AKS and Deterministic Tests
Until 2002 no polynomial-time deterministic primality algorithm was known. The AKS algorithm (Agrawal-Kayal-Saxena) settled this theoretical question-but it is far slower than Miller-Rabin in practice.
**AKS theorem (2002):** PRIMES ∈ P-primality is decidable in polynomial time. Criterion: n is prime iff (X + a)ⁿ ≡ Xⁿ + a (mod Xʳ − 1, n) for suitable r and all a ≤ √φ(r)·log n. **Complexity:** O(log^{7.5}(n))-polynomial, but slow in practice. **Lucas primality test:** n is prime iff there exists a such that: - aⁿ⁻¹ ≡ 1 (mod n), AND - a^{(n-1)/q} ≢ 1 (mod n) for every prime q dividing n−1. Requires knowing the factorization of n−1. **In practice:** - Miller-Rabin with 40 rounds: sufficient for RSA - OpenSSL, Python, Java: all use Miller-Rabin - AKS: theoretically important, practically too slow
How TLS key generation actually works: OpenSSL calls BN_generate_prime_ex(), which generates random odd numbers, quickly sieves with small primes up to 2000 (eliminating ~80% of composites cheaply), then applies Miller-Rabin with 64 rounds. A 2048-bit key takes about 100 ms on a modern CPU.

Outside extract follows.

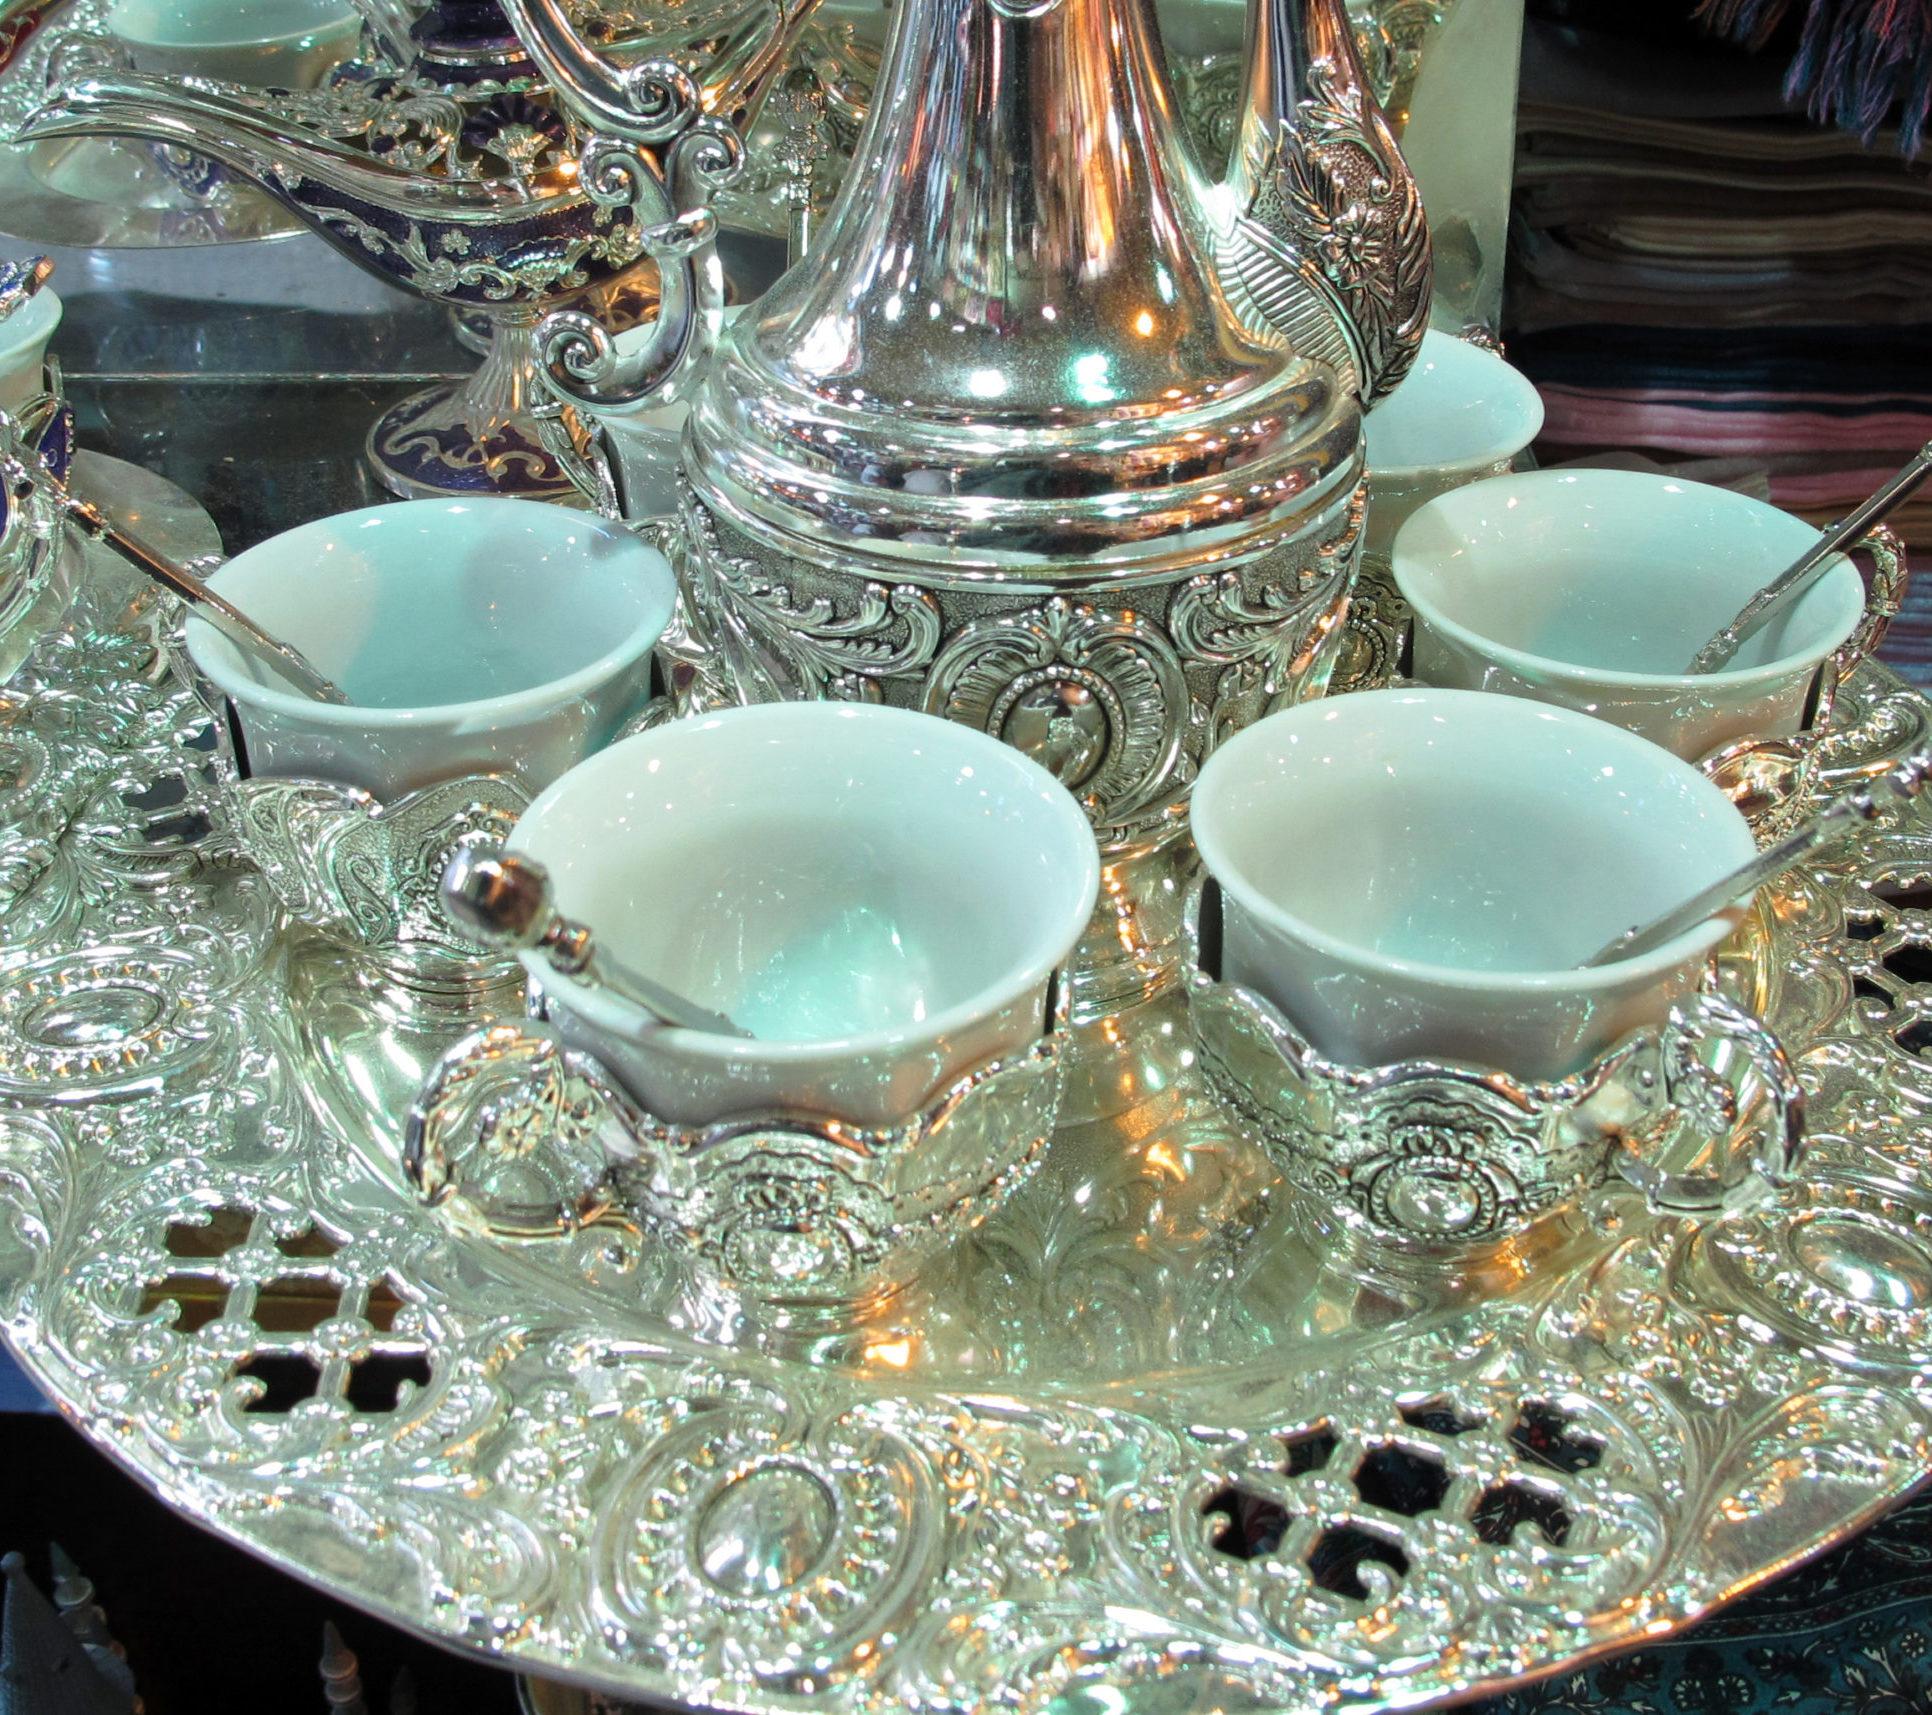 orientalisches Teeservice mit silberner Teekanne

Why is AKS not used in production cryptosystems instead of Miller-Rabin?
Key Ideas
- **Trial division:** O(√n)-infeasible for 512+ bits; Fermat test is fast but fails on Carmichael numbers
- **Miller-Rabin:** O(k·log³ n); error ≤ 4⁻ᵏ per run; deterministic for n < 3.3·10²⁴ with 12 fixed bases
- **AKS (2002):** proved PRIMES ∈ P; theoretically polynomial but slower than Miller-Rabin in practice by orders of magnitude
- **Production:** OpenSSL, Python, Java use Miller-Rabin with 20-64 rounds for all prime generation
Related Topics
Primality tests draw on the full preceding theory:
- Fermat's and Euler's Theorems — Miller-Rabin is a strengthened Fermat test that also checks square roots of 1
- Distribution of Primes — PNT determines how many candidates to expect when generating RSA primes
- Number Theory in Cryptography — Prime generation in OpenSSL is the direct application of everything
Вопросы для размышления
- Carmichael numbers bypass the Fermat test for all coprime bases. Why does Miller-Rabin's square-root check catch them?
- AKS proves PRIMES ∈ P. Does that imply integer factorization is also polynomial-time? Why or why not?
- If a quantum computer runs Shor's algorithm, how does that affect the search for large primes-and does Miller-Rabin remain useful?